Ssreflect Users Discussion List

[Cyril Cohen <>]

Good evening,

I while ago, I was looking for big_morph_in, ie a lemma like big_morph but
where f does not need to be morphism everywhere but only on the F i such
that P i and their combinations. I never managed to emulate this lemma
easily from any other lemmas in bigop.

What do you think of the following statement?
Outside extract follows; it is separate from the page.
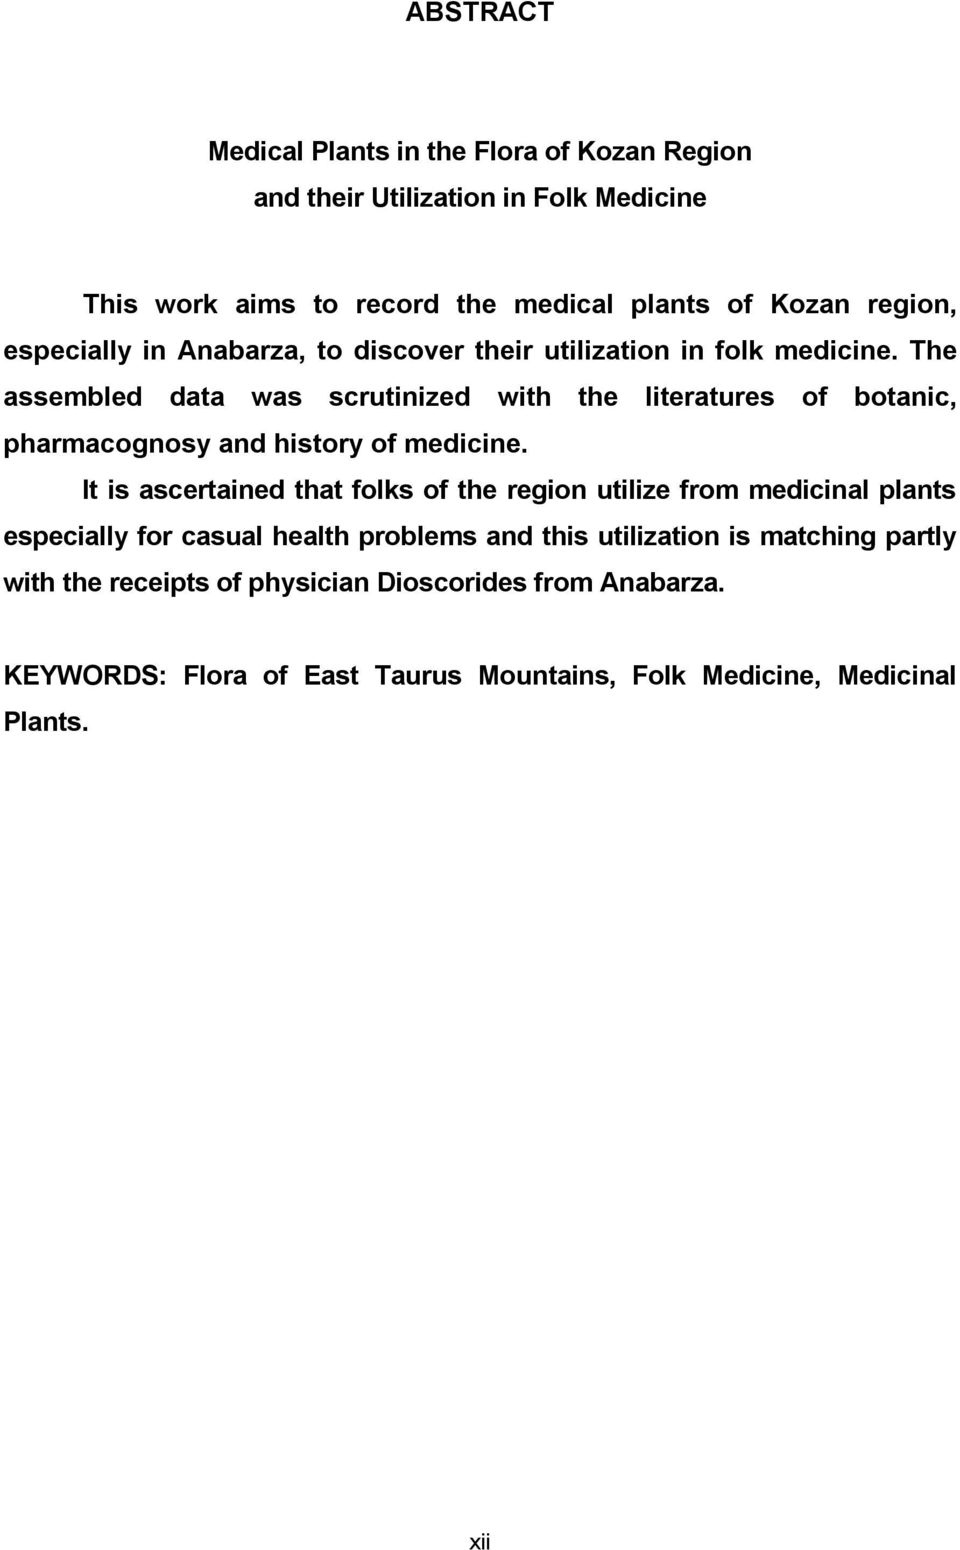 The assembled data was scrutinized with the literatures of botanic, pharmacognosy and history of medicine.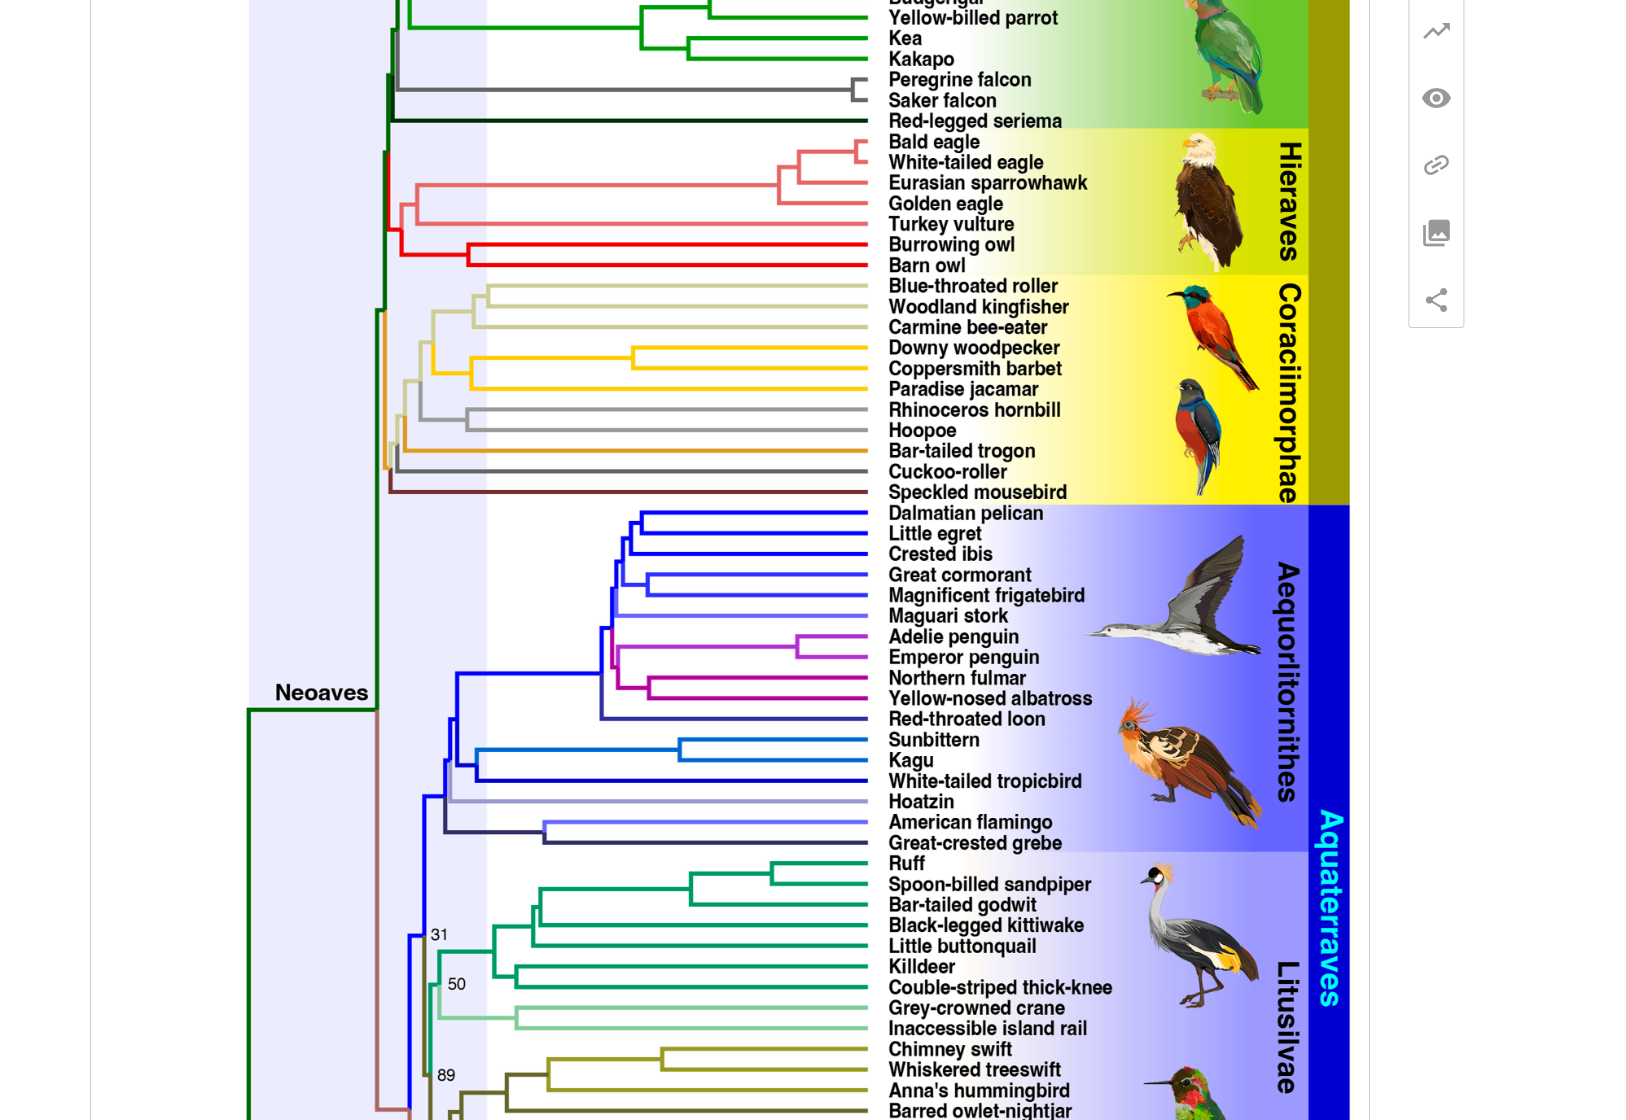 A screenshot shows the two lineages of Neoaves from the article published on the website of PNAS.

And if you like it, do you
see minor/major shortcuts in the proof?

Lemma big_morph_in (R1 R2 : Type)
  (f : R2 -> R1) (id1 : R1) (op1 : R1 -> R1 -> R1)
  (id2 : R2) (op2 : R2 -> R2 -> R2) (D : pred R2) :
  (forall x y, x \in D -> y \in D -> op2 x y \in D) ->
  id2 \in D ->
  {in D &, {morph f : x y / op2 x y >-> op1 x y}} ->
  f id2 = id1 ->
  forall  (I : Type) (r : seq I) (P : pred I) (F : I -> R2),
  all D [seq F x | x <- r & P x] ->
  f (\big[op2/id2]_(i <- r | P i) F i) =
  \big[op1/id1]_(i <- r | P i) f (F i).
Proof.
move=> Dop2 Did2 f_morph f_id I r P F.
elim: r => [|x r ihr /= DrP]; rewrite ?(big_nil, big_cons) //.
set b2 := \big[_/_]_(_ <- _ | _) _; set b1 := \big[_/_]_(_ <- _ | _) _.
have fb2 : f b2 = b1 by rewrite ihr; move: (P x) DrP => [/andP[]|].
case: (boolP (P x)) DrP => //= Px /andP[Dx allD].
rewrite f_morph ?fb2 // /b2 {b2 fb2 ihr b1 x Px Dx f_morph f_id}.
elim: r allD => [|x r ihr /=]; rewrite ?(big_nil, big_cons) //.
by case: (P x) => //= /andP [??]; rewrite Dop2 // ihr.
Qed.

Best,
-- 
Cyril